Under the new law, those convicted of domestic abuse will be forced to turn over all firearms in their possession, including rifles, shotguns, handguns, and assault weapons. Cuomo said in a press release that “New York is once again leading the way to prevent gun violence, and with this common sense reform, break the inextricable link between gun violence and domestic violence.” These convictions include felony abuse and “serious” misdemeanor crimes.
Cuomo makes an excellent point: women in violent relationships are at high risk of gun-related homicide. Last year, we reported sobering domestic violence statistics, including a 2011 FBI report which found that 53% of women who died from gunshots were killed by their partner or a family member. Let’s parse that out: women killed from gun violence were murdered by an abusive partner over half the time.
This new law will save the lives of abuse victims, but it may prevent mass shootings from occuring as well. There is an inextricable link between domestic abuse and mass shootings; violent people who choose to shoot many people in a public area often begin their violence in the home. Last year, NPR reported that 54% of mass shootings between 2009 and 2016 were carried out by someone who had previously committed domestic abuse. If guns are removed from domestic abusers, they are less likely to kill their partner and commit a mass shooting. It’s clear that Cuomo sees this link, and signed the bill into law partly as a reaction from what he sees as federal inaction on gun restriction. “The recent wave of mass shootings is horrifying,” said Cuomo, “and the federal government's failure to act on any form of meaningful gun safety laws is unconscionable.”

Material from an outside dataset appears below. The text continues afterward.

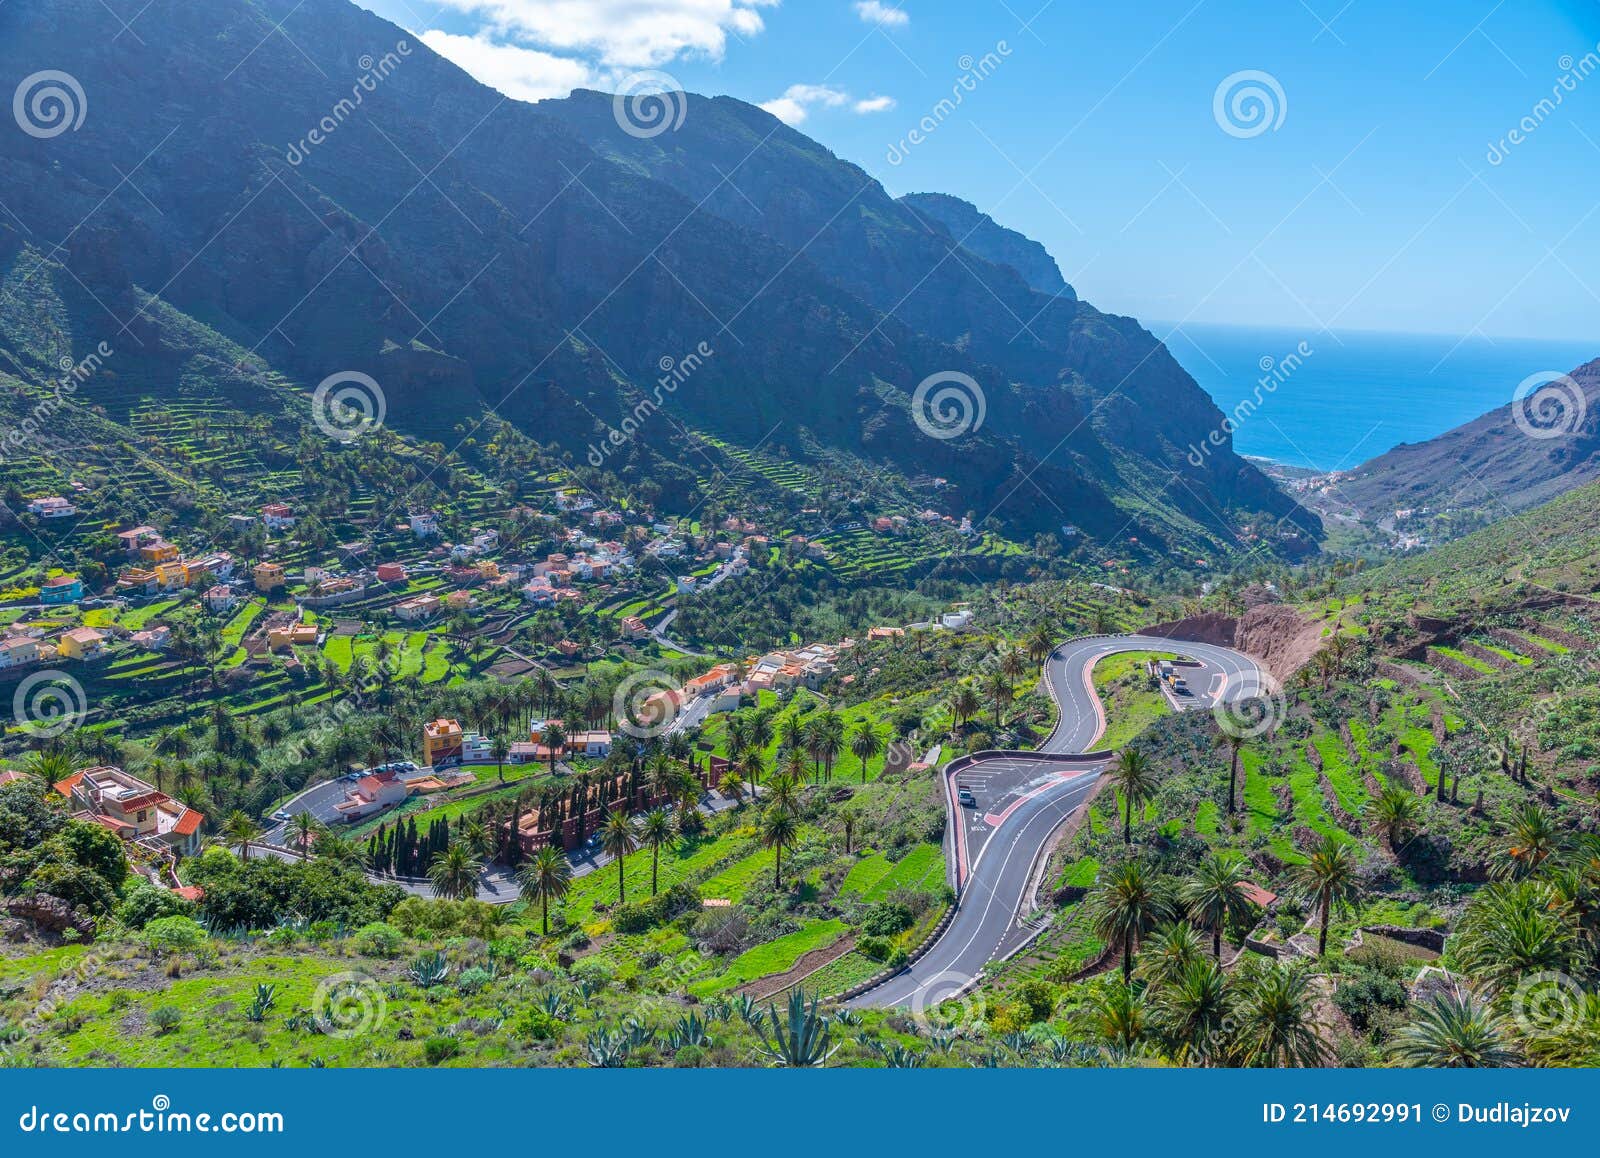 aerial view of valle gran rey valley at la gomera, canary islands, spain

There are a few caveats to note. First, this law applies only to those convicted of domestic violence, and we know anecdotally that many victims do not report their abuse. And for those who do report their abuse, victims can face sluggish responses from law enforcement, if they are believed to begin with.
Still, New York state has some of the most stringent gun laws in the nation, and consequently, it has one of the lowest rates of gun violence in the nation. A recent USA Today report, using data from the Centers for Disease Control and Prevention, ranked New York the 48th state out of 50 for gun violence, a remarkable statistic for the second most-populous state in the country.